Name and Synonyms

Macnab criteria, MacNab's outcome assessment of patient satisfaction.

Source Article

Macnab I. “negative disc exploration: an analysis of the cause of nerve root involvement in sixty-eight patients.” J Bone Joint Surg (Am) 1971 ;53:891-903

Structure / Content

The patient is asked to rate his level of well-being, generally after surgery. The patient choose one of the four: Excellent, Good, Fair, Poor. With the the same wording with the original (source) paper, the explanations of each grade are as follows:

  • Excellent: No pain; no restriction of activity.
  • Good: Occasional back or leg pain of sufficient severity to interfere with the patient’s ability to do his normal work or his capacity to enjoy himself in his leisure hours.
  • Fair: Improved functional capacity, but handicapped by intermittent pain of sufficient severity to curtail or modify work or leisure activities.
  • Poor: No improvement or insufficient improvement to enable increase in activities; further operative intervention required.


There is Modified Macnab Criteria. It is quite difficult to identify who and when modified the instrument. It seems everyone changed the wording for better and more detailed explanation of categories, which are same with the original one (Excellent, Good, Fair, Poor). A common version of this modified scale is below:
  • Excellent: No pain, No restriction of mobility, Return to normal work and level of activity
  • Good: Occasional nonradicular pain, Relief of presenting symptoms, Able to return to modified work
  • Fair: Some improved functional capacity, Still handicapped and/or unemployed
  • Poor: Continued objective symptoms of root involvement, Additional operative intervention needed at index level irrespective of length of postoperative follow-up

Cost and Frequency of Use

It is free. Usage is common due to simplicity.

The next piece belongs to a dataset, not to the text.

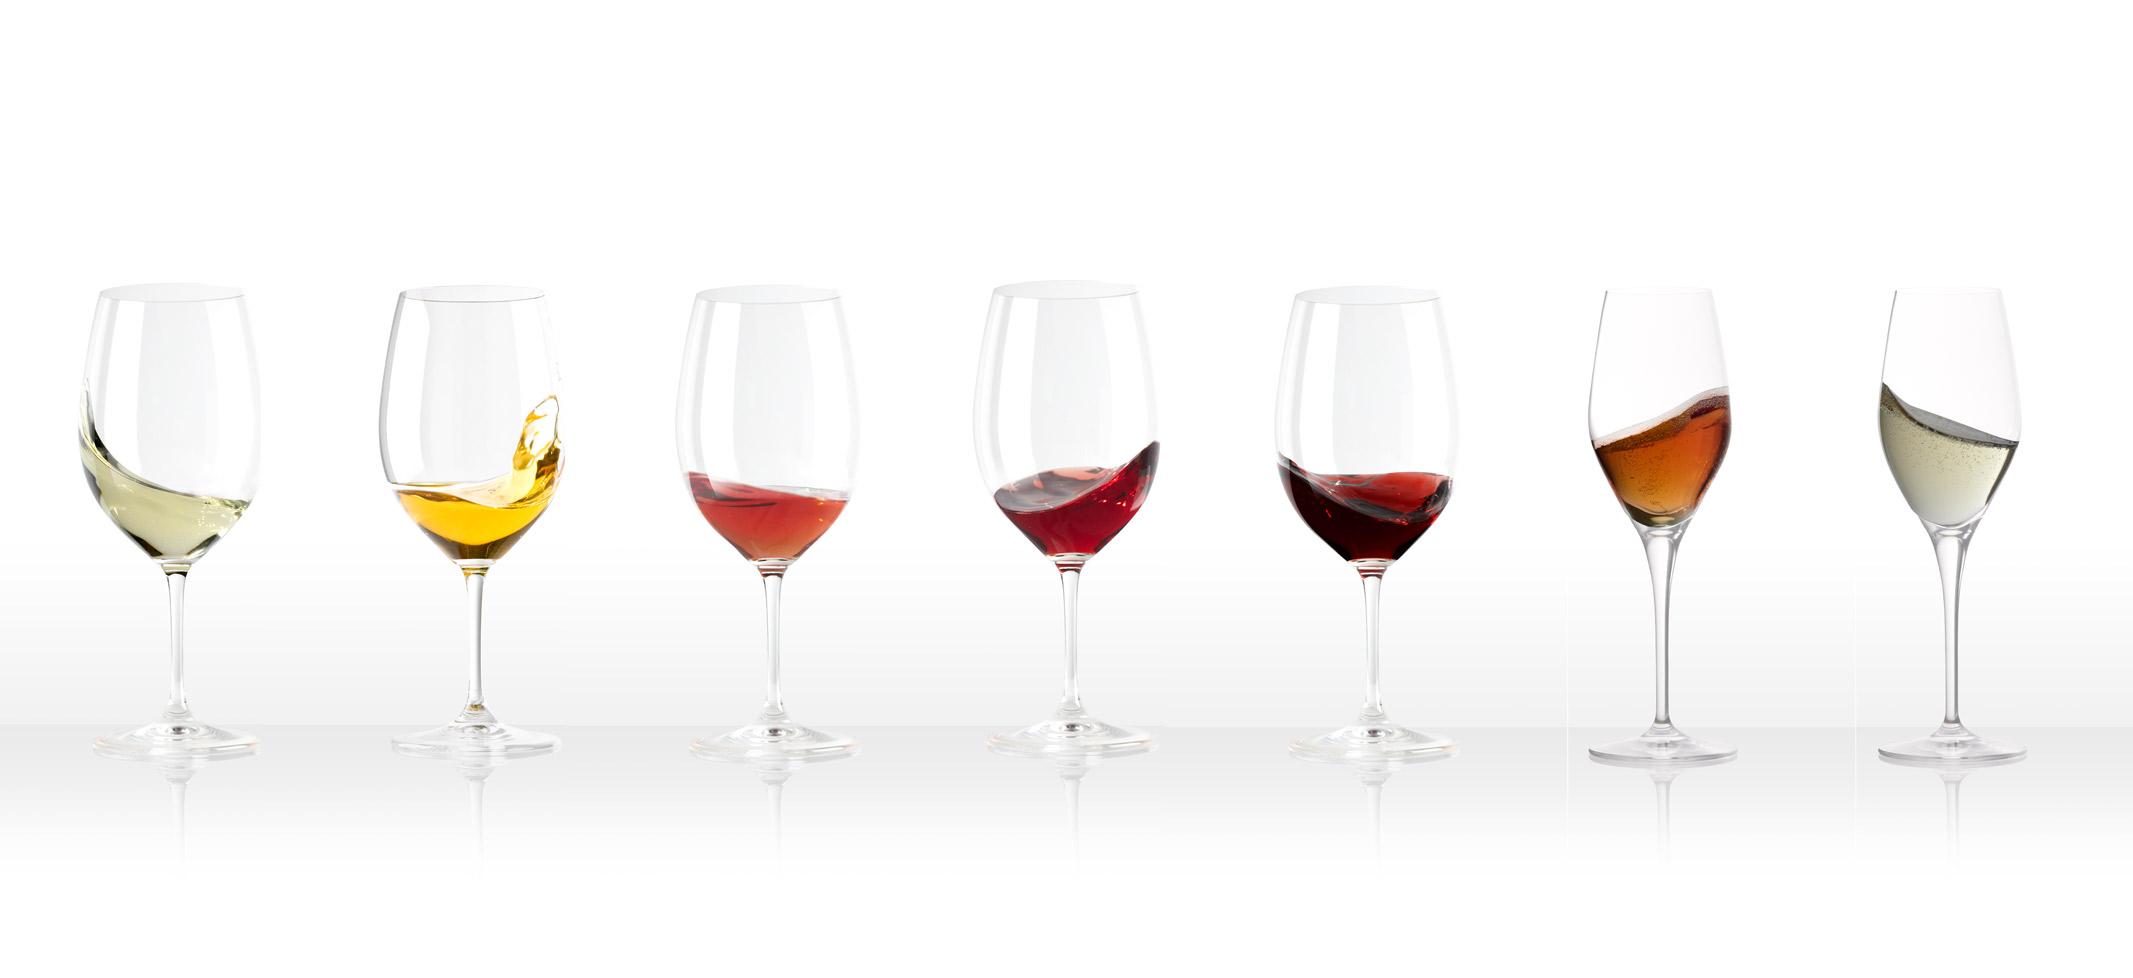 Appellation vin : Mes meilleurs conseils afin de vous conseiller sur les appellations vin

Scientific Spine's Comment

Macnab criteria reflects well a surgeon's impression about the surgery's overall success in terms of patient's satisfaction, and how that particular patient should be categorized. Its roughness (only 4 class, and no detailed metrics of symptomatology) necessiates its use should be accompanied and backed by other scales such as pain scales and ODI, etc. It is still useful. However, its use as a sole outcome instrument is not acceptable in today's standards.